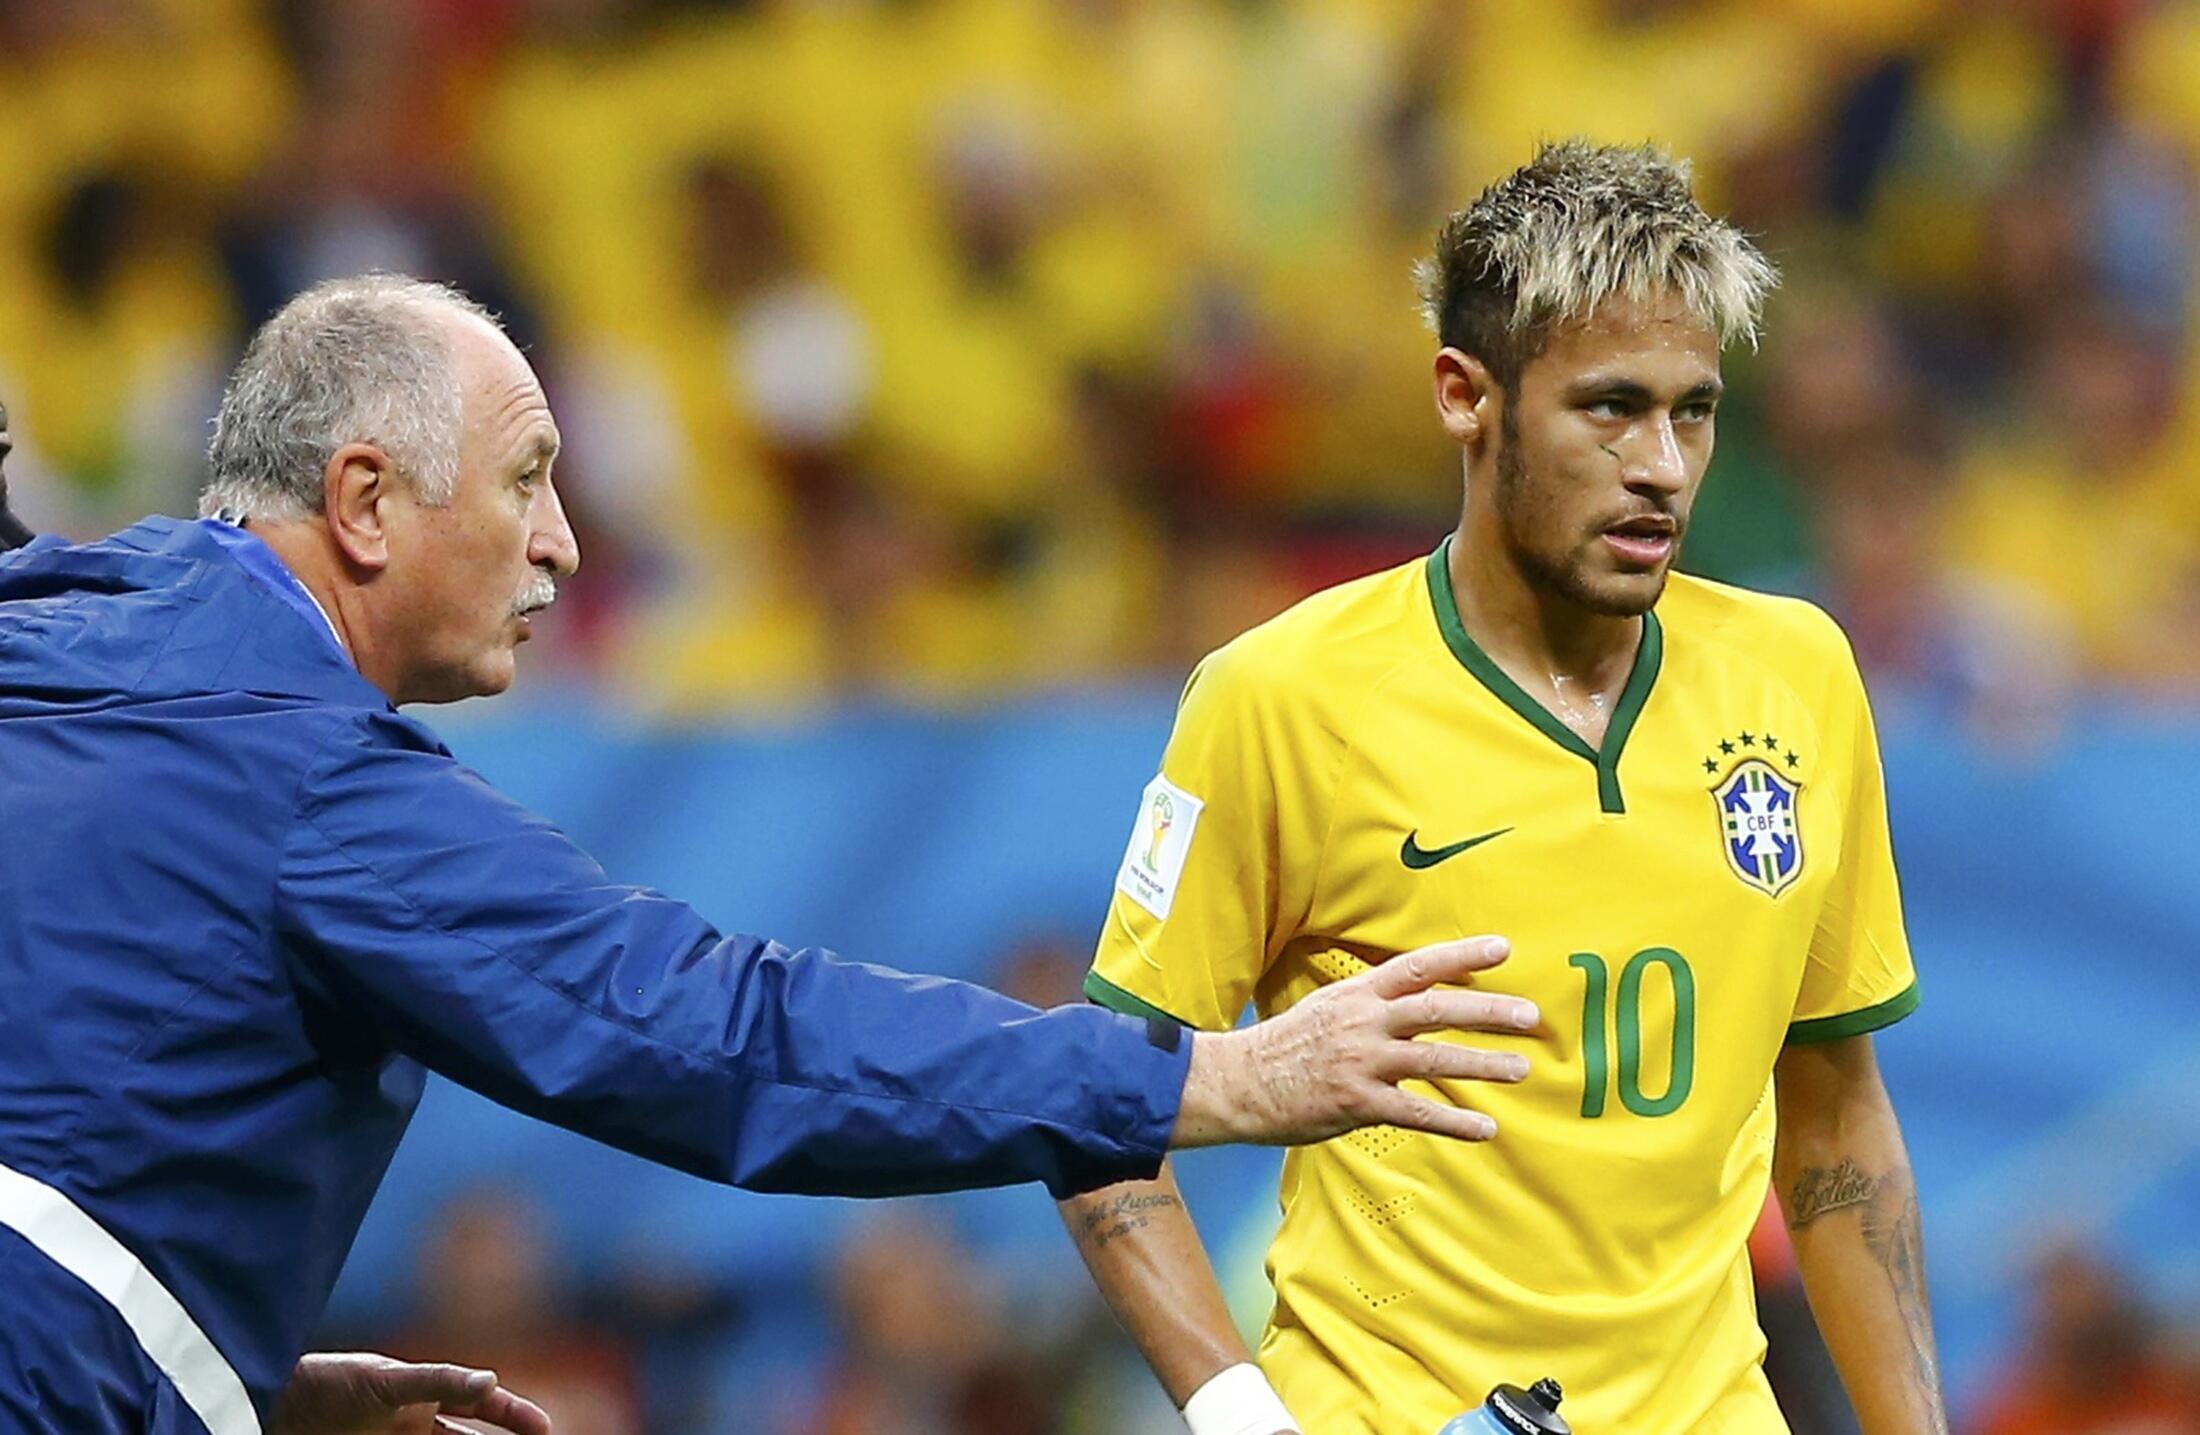 Kocha Luiz Felipe Scolari akimpa maelekezo Neymar
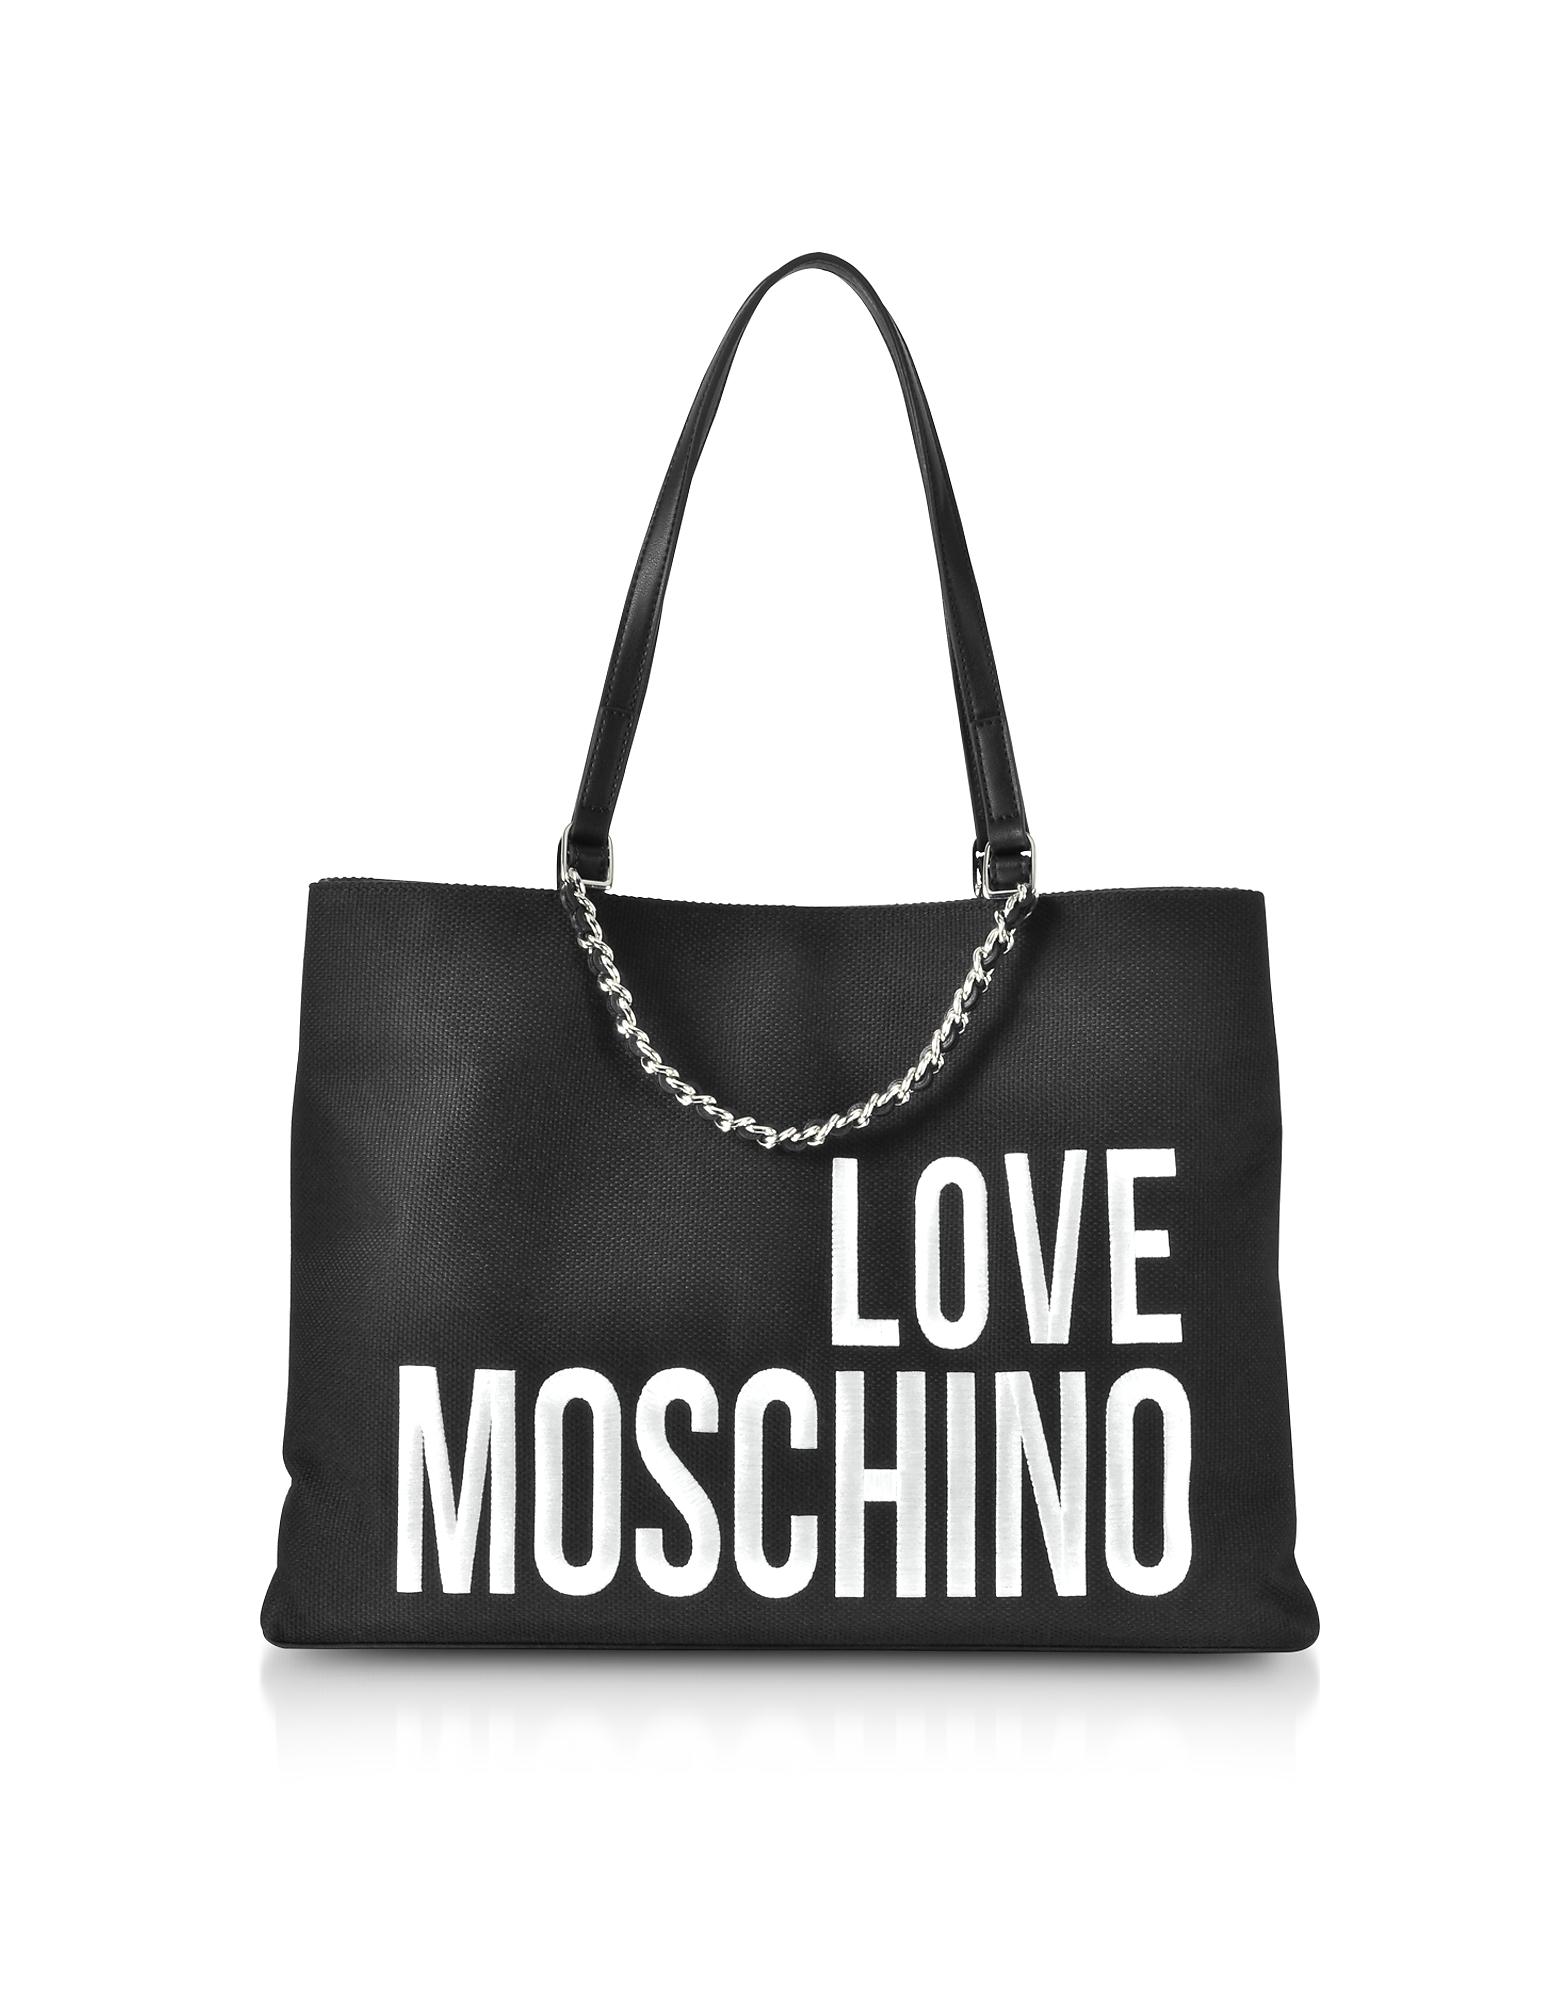 LOVE MOSCHINO Canvas Tote Bag W/ Maxi Logo in Black
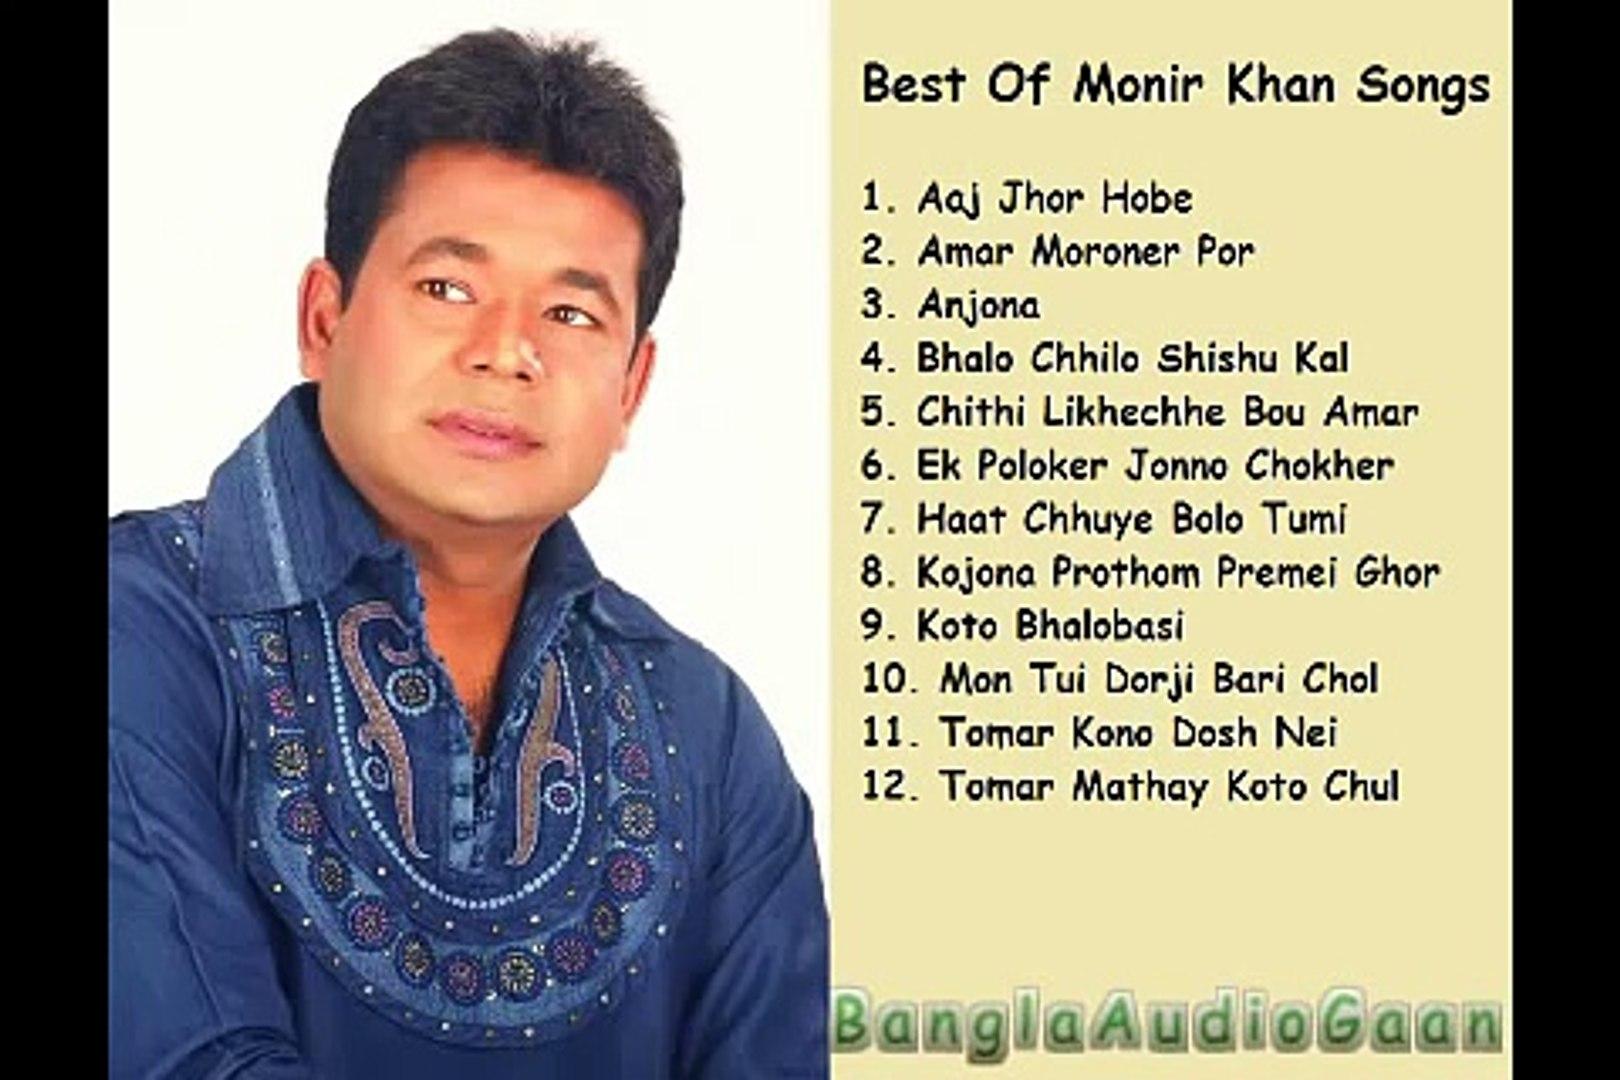 Best Of Monir Khan Bangla Popular Songs Full Album Video

■ ■ ■ ■

Assignment:
Please restate the whole listing exactly, without any of its pictures.

Answer for this exercise:
 Kocha Luiz Felipe Scolari akimpa maelekezo Neymar
 LOVE MOSCHINO Canvas Tote Bag W/ Maxi Logo in Black
 Best Of Monir Khan Bangla Popular Songs Full Album Video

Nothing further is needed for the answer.